Analysts have initiated coverage with strong buy ratings and high price targets ($16-$18), citing the unique market position of Pedmark and its significant revenue growth potential.
Recent study highlights the safety and efficacy of Pedmark, enhancing its clinical feasibility and market appeal.
Revenue increased by 78.69% YoY in Q3 2025, indicating strong growth momentum.
Net income and EPS have significantly declined YoY, with net income dropping by -88.88% and EPS by -90.48%.
No significant hedge fund or insider trading trends, indicating limited institutional interest currently.

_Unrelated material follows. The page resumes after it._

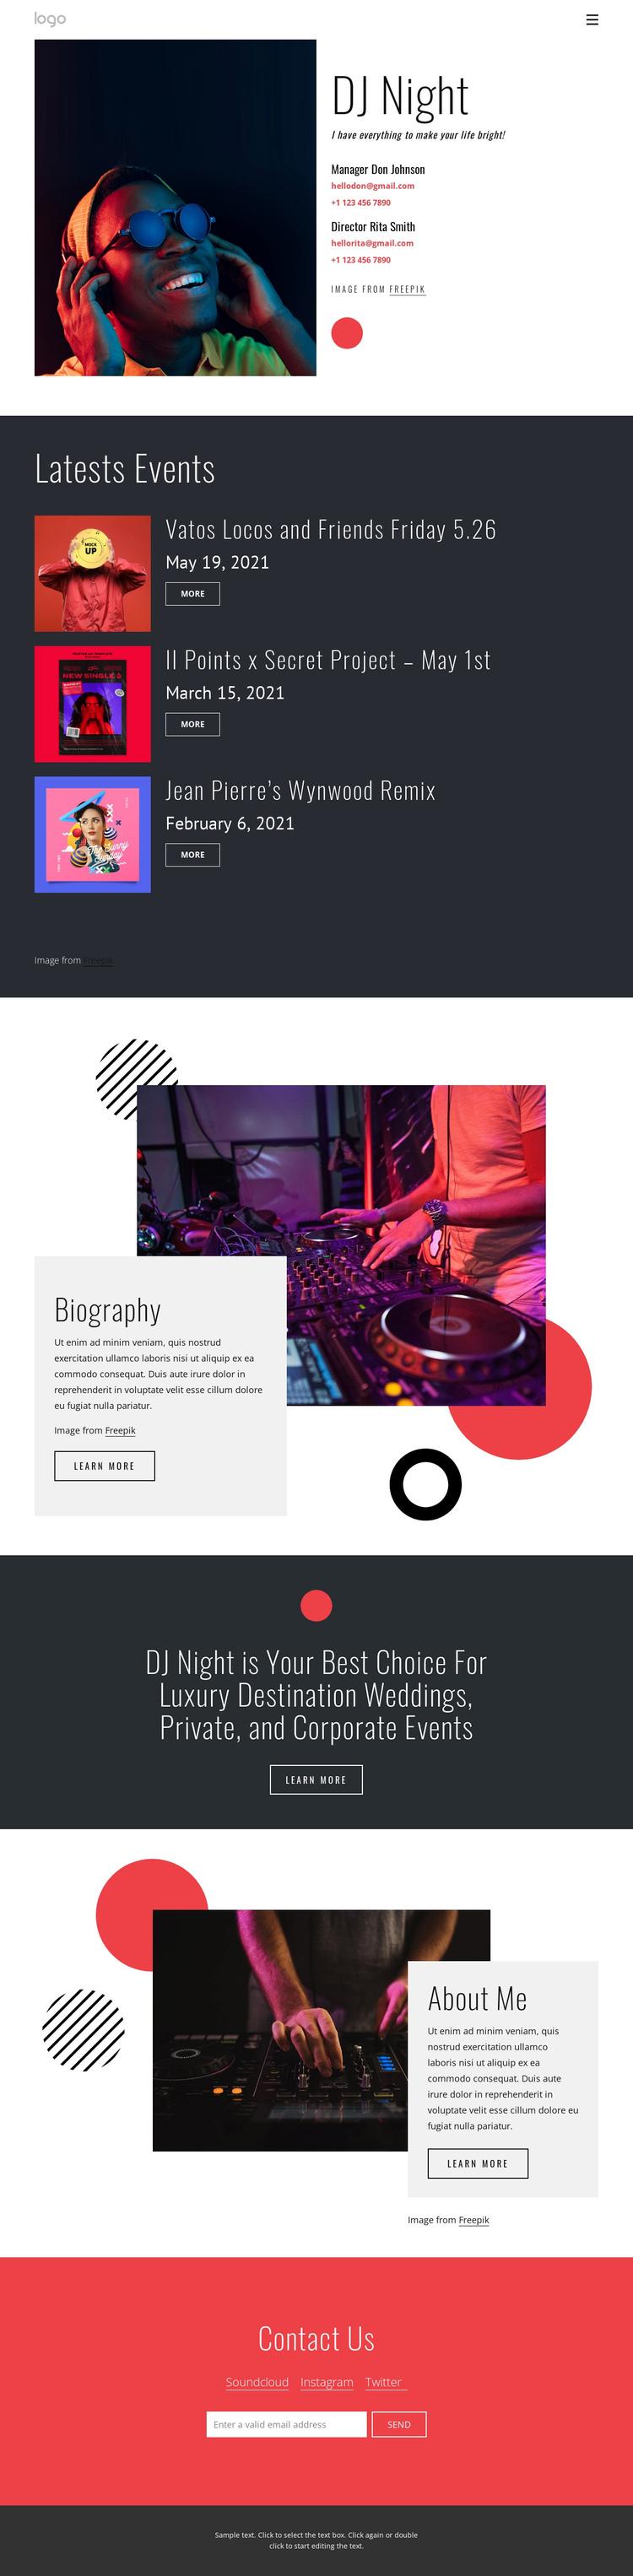 Dj night website Website Builder Software

In Q3 2025, revenue increased by 78.69% YoY to $12.46M, showcasing strong growth. However, net income dropped by -88.88% YoY to -$638,000, and EPS fell by -90.48% YoY to -0.02. Gross margin improved to 94.7%, up 17.58% YoY, reflecting operational efficiency.
Analysts are highly bullish on FENC. B. Riley and Piper Sandler initiated coverage with Buy and Overweight ratings, respectively, and price targets of $16-$18. Analysts emphasize the company's strong revenue growth potential, unique product positioning, and lack of competition in its therapeutic category.